What the task asks:
Beneath this line are the data; copy exactly the part of them that opens with the line containing "20150808-oglovewedding-487.jpg" and closes with the line containing "2015 Pan Am", and only that part.

[Data records]
⟨
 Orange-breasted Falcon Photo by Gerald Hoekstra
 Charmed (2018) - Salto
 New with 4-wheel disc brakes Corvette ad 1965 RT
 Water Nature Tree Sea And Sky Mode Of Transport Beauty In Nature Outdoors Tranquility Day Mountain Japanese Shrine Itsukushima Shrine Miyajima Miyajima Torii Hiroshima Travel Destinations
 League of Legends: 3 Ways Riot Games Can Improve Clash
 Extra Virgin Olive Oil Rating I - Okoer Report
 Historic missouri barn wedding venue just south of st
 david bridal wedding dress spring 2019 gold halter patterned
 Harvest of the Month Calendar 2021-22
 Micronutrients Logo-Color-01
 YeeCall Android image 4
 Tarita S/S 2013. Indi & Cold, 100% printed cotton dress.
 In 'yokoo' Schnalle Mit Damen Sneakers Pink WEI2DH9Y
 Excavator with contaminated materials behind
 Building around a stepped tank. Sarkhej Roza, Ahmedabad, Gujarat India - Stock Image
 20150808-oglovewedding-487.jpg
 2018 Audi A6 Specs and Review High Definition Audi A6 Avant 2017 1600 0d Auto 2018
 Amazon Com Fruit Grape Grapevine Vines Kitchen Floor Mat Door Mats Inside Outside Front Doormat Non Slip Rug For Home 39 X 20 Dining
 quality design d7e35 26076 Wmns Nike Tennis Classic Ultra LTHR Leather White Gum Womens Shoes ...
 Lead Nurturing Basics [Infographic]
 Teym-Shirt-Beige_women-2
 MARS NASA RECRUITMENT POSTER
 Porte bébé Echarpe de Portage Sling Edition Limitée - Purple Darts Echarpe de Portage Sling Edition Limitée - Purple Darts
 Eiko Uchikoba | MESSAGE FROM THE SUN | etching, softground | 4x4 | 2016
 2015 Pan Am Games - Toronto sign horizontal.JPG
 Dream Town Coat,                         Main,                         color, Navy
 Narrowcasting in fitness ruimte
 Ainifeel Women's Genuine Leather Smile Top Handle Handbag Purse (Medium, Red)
⟩
Solution for this exercise:
 20150808-oglovewedding-487.jpg
 2018 Audi A6 Specs and Review High Definition Audi A6 Avant 2017 1600 0d Auto 2018
 Amazon Com Fruit Grape Grapevine Vines Kitchen Floor Mat Door Mats Inside Outside Front Doormat Non Slip Rug For Home 39 X 20 Dining
 quality design d7e35 26076 Wmns Nike Tennis Classic Ultra LTHR Leather White Gum Womens Shoes ...
 Lead Nurturing Basics [Infographic]
 Teym-Shirt-Beige_women-2
 MARS NASA RECRUITMENT POSTER
 Porte bébé Echarpe de Portage Sling Edition Limitée - Purple Darts Echarpe de Portage Sling Edition Limitée - Purple Darts
 Eiko Uchikoba | MESSAGE FROM THE SUN | etching, softground | 4x4 | 2016
 2015 Pan Am Games - Toronto sign horizontal.JPG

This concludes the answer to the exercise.